_What is expected_
Take the listing below and write it out again exactly, skipping any picture that it holds.

—————

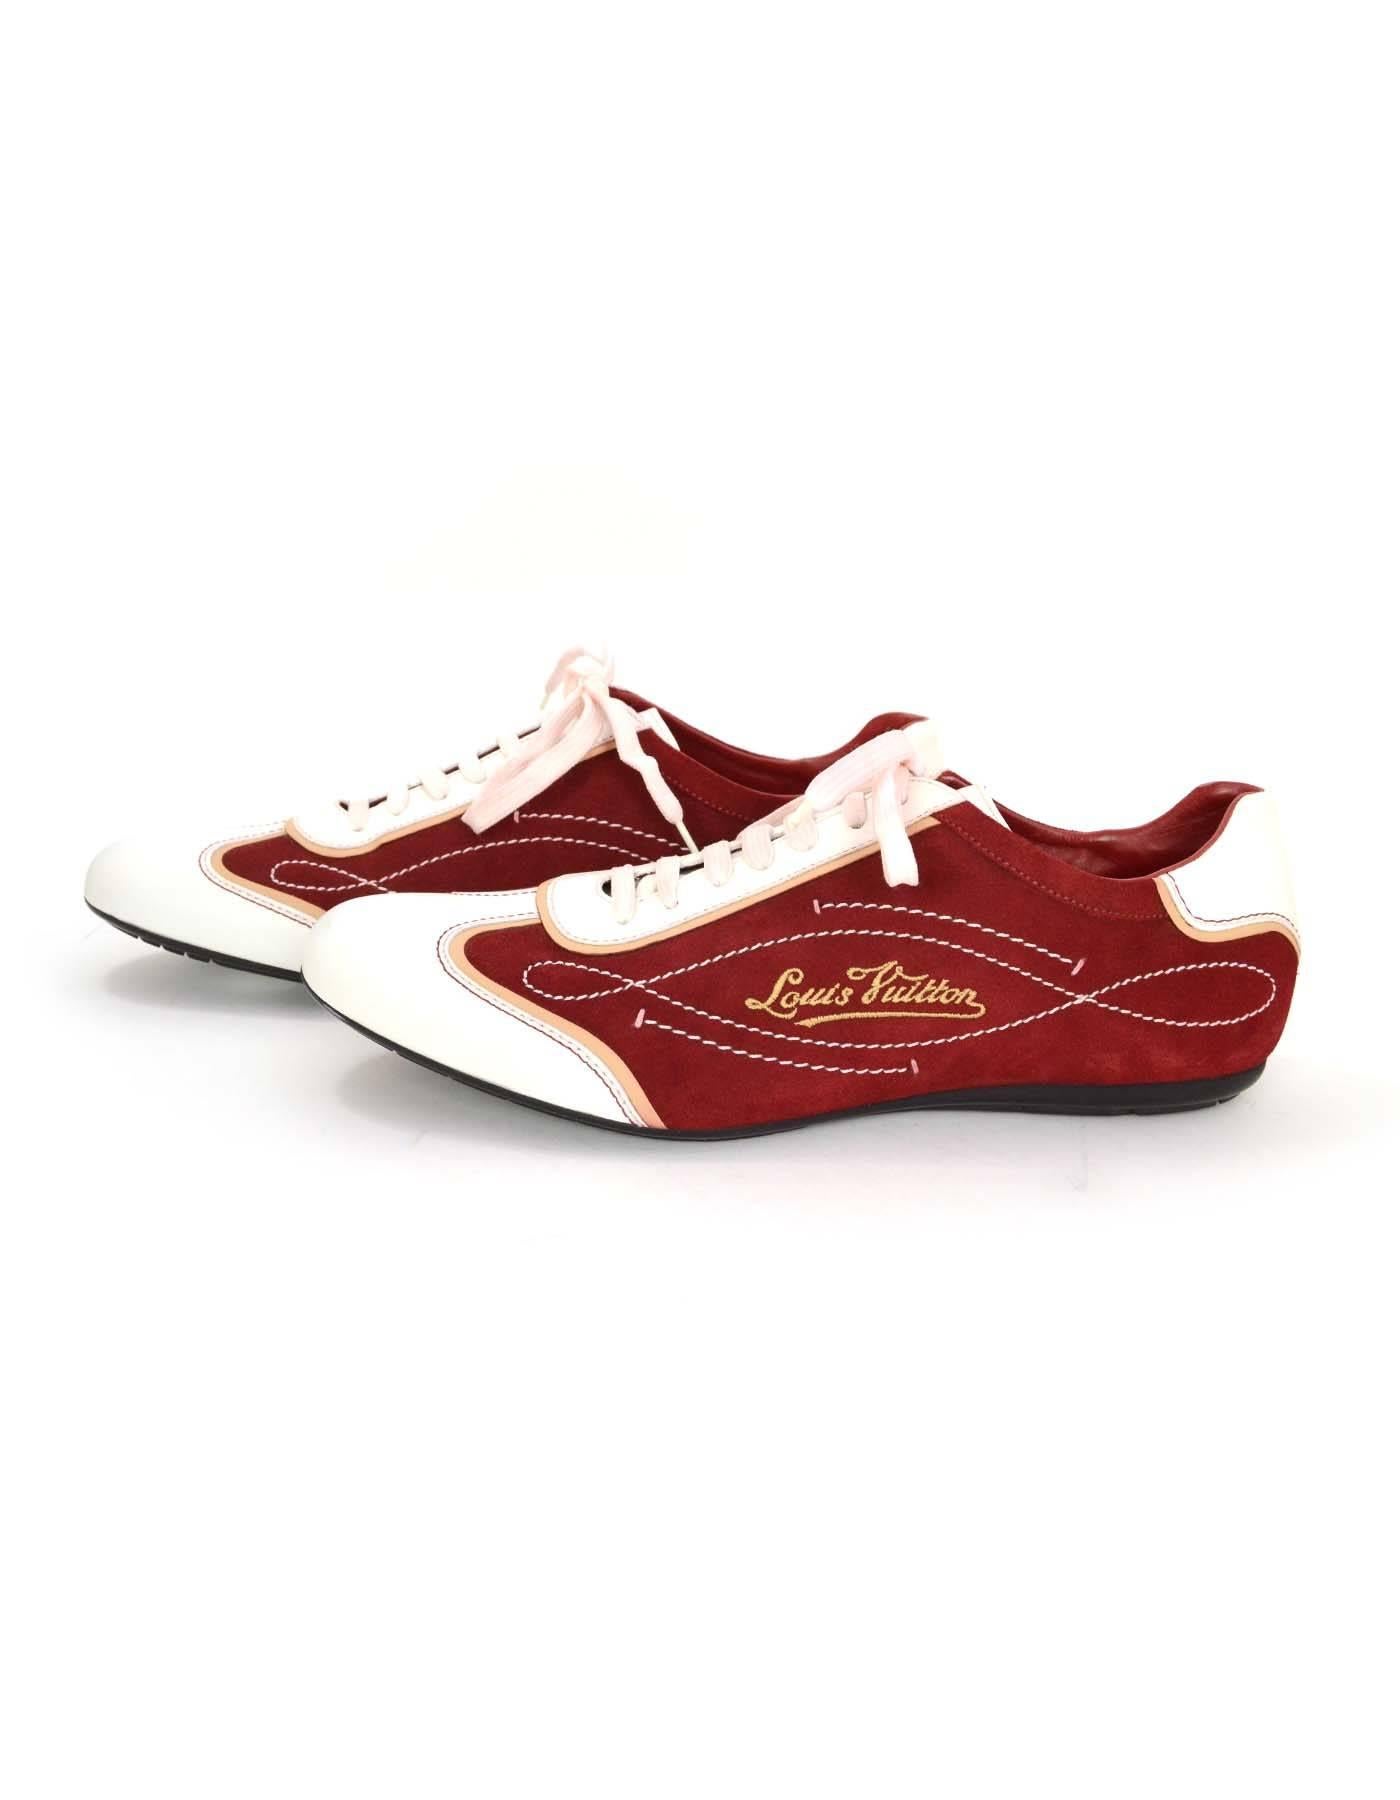 Louis Vuitton Men's Red Suede & White Leather Sneakers
Features Louis Vuitton embroidered on sides with decorative white contrast stitching
Made In: Italy
Color: Red and white
Materials: Suede and leather
Closure/Opening: Laces
Sole Stamp:

—————

_Expected answer_
 Louis Vuitton Men's Red Suede & White Leather Sneakers
Features Louis Vuitton embroidered on sides with decorative white contrast stitching
Made In: Italy
Color: Red and white
Materials: Suede and leather
Closure/Opening: Laces
Sole Stamp:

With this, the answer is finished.